Exception swallowing. Let us not forget that the most common method of swallowing Exceptions, ie, catching all Exceptions, will also swallow Unchecked Exceptions. I have seen programmers swallowing Exceptions because they find this an easy and simple way to fix that annoying NullPointerException.
Whether you like it or not, Java uses Checked Exceptions everywhere in its libraries. Therefore, even if you throw Unchecked Exceptions, chances are that programmers will still swallow Exceptions, because they still need to deal with the Checked Exceptions thrown by Java libraries.
As it is, programmers do not like to think about error handling. To encourage the use of Unchecked Exceptions is to encourage this behaviour, as there will be even less inclination to think about exceptional conditions.

If you are still not convinced, read this excellent interview with Bruce Lindsay, where he talks about the type of error handling that goes into building a DBMS.

Friday, September 02, 2005

BTrees and Logical Undos

Certain BTree operations require Logical Undo to be performed during rollbacks and restart recovery. This is because, in a BTree, keys can move from one page to another, and therefore an undo operation may have to be applied to a different page from the one where the original action took place.

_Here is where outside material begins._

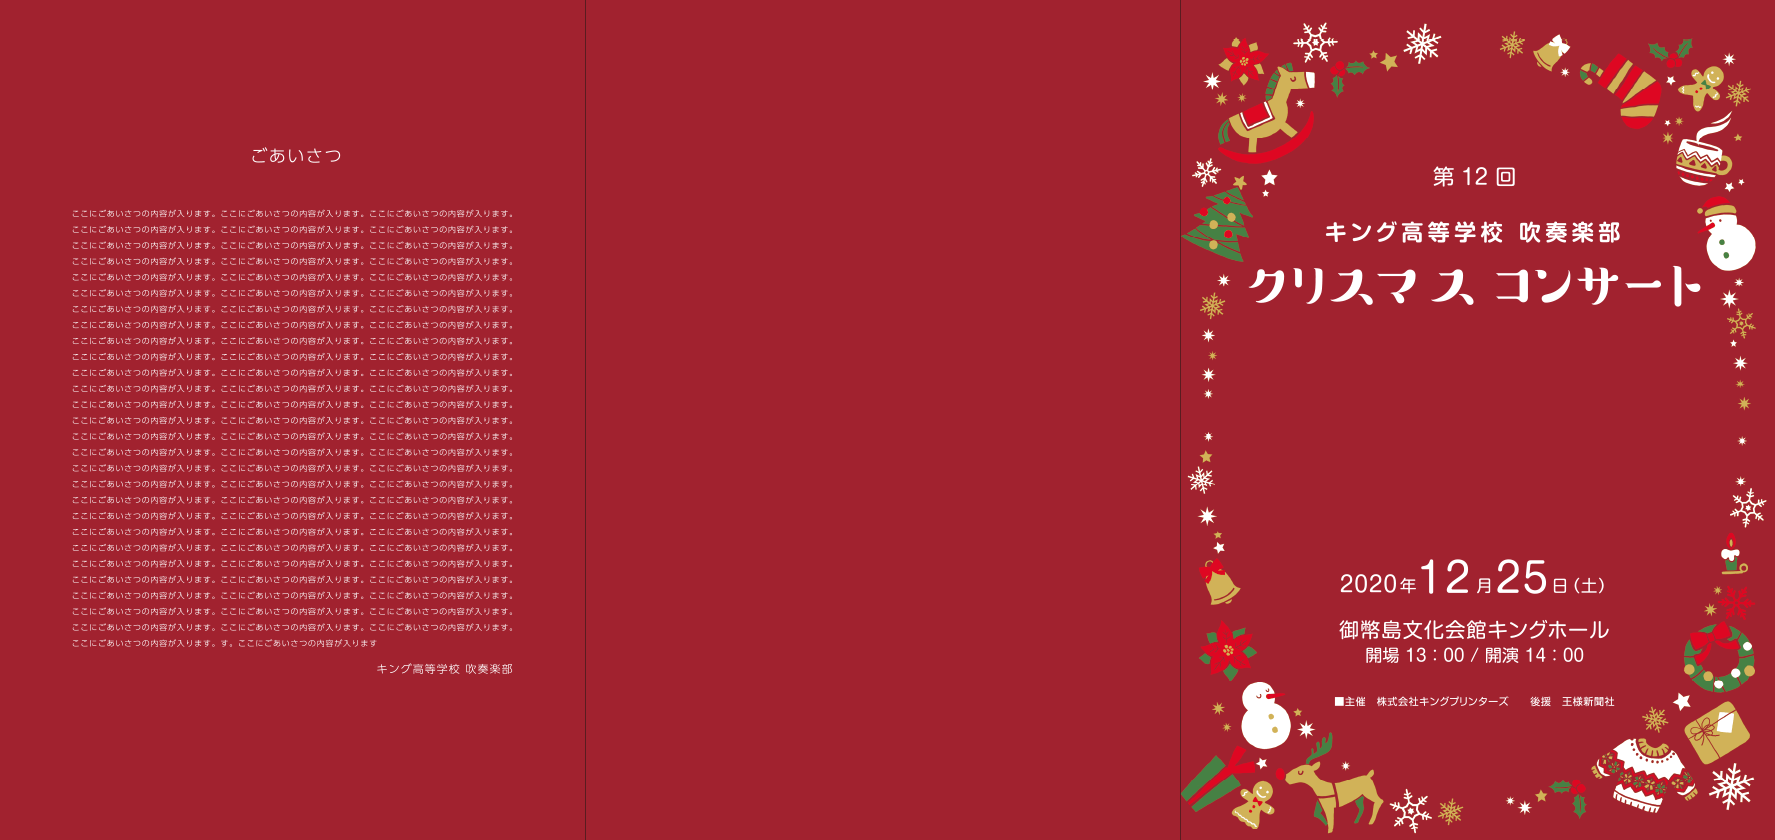 クリスマスコンサート三つ折りパンフレット大のオモテ面のデザイン例3

To take an example, suppose transaction T1 deletes the key D from page P1. Another transaction T2 comes along and inserts the key B into page P1. This causes a page split, after which, all keys greater than B end up in a new page P2. Now, if the first transaction T1 aborts, then it needs to reinstate the deleted key D. However, if it looks at page P1, it will find that the deleted key no longer belongs there. Therefore it must locate the new page P2 and perform the undo action there.

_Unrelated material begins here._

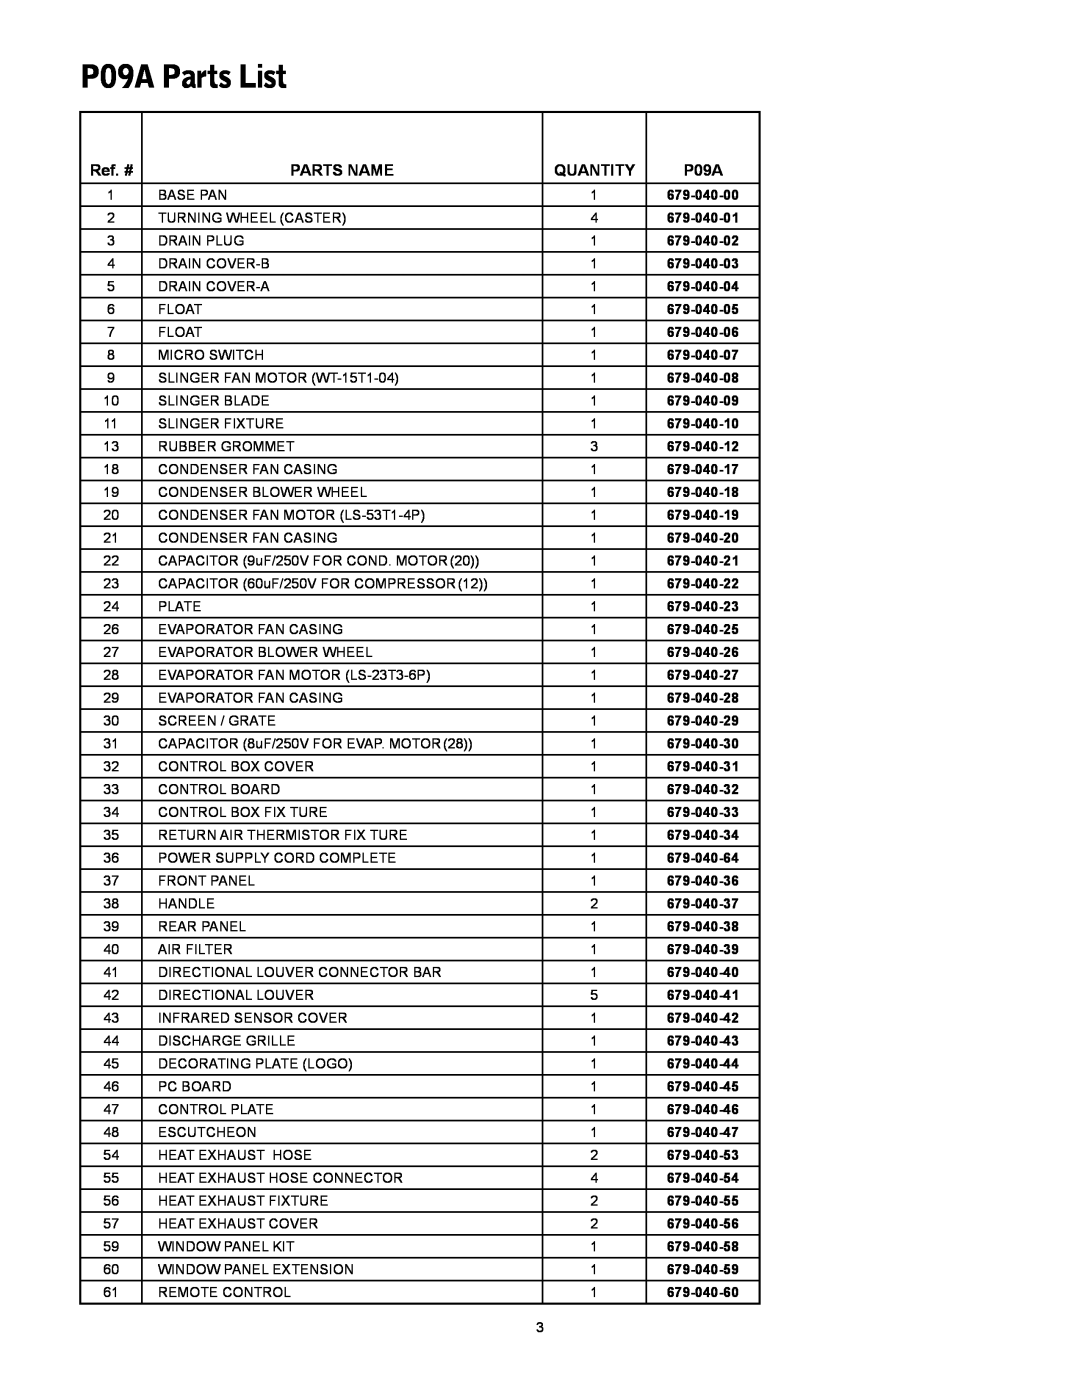 Friedrich P12A manual P09A Parts List, Ref. #, Parts Name, Quantity

There are a couple of design decisions that affect the complexity of the logical undo actions:

If the BTree is designed to physically remove keys when they are deleted, then undo actions require the key to be physically re-inserted. This means that during the undo of a key delete, page splits can occur if the insert cannot be performed due to the page being full. The splits can recurse up the tree causing more page splits.

The advantage of the physical removal option is that the BTree never contains data that is superfluous. If a large number of rows are deleted, the BTree will be immediately compacted, as the pages used by deleted keys would be removed. Keeping the BTree dense and small is good for performance as fewer pages need to be scanned during traversals.

The other approach is to use logical key deletes, where the key is not physically removed but merely marked as deleted. To undo the delete, only the mark needs to be reset. Logical deletes allows undo operations to proceed without page splits, and therefore Logical Undos can be page oriented.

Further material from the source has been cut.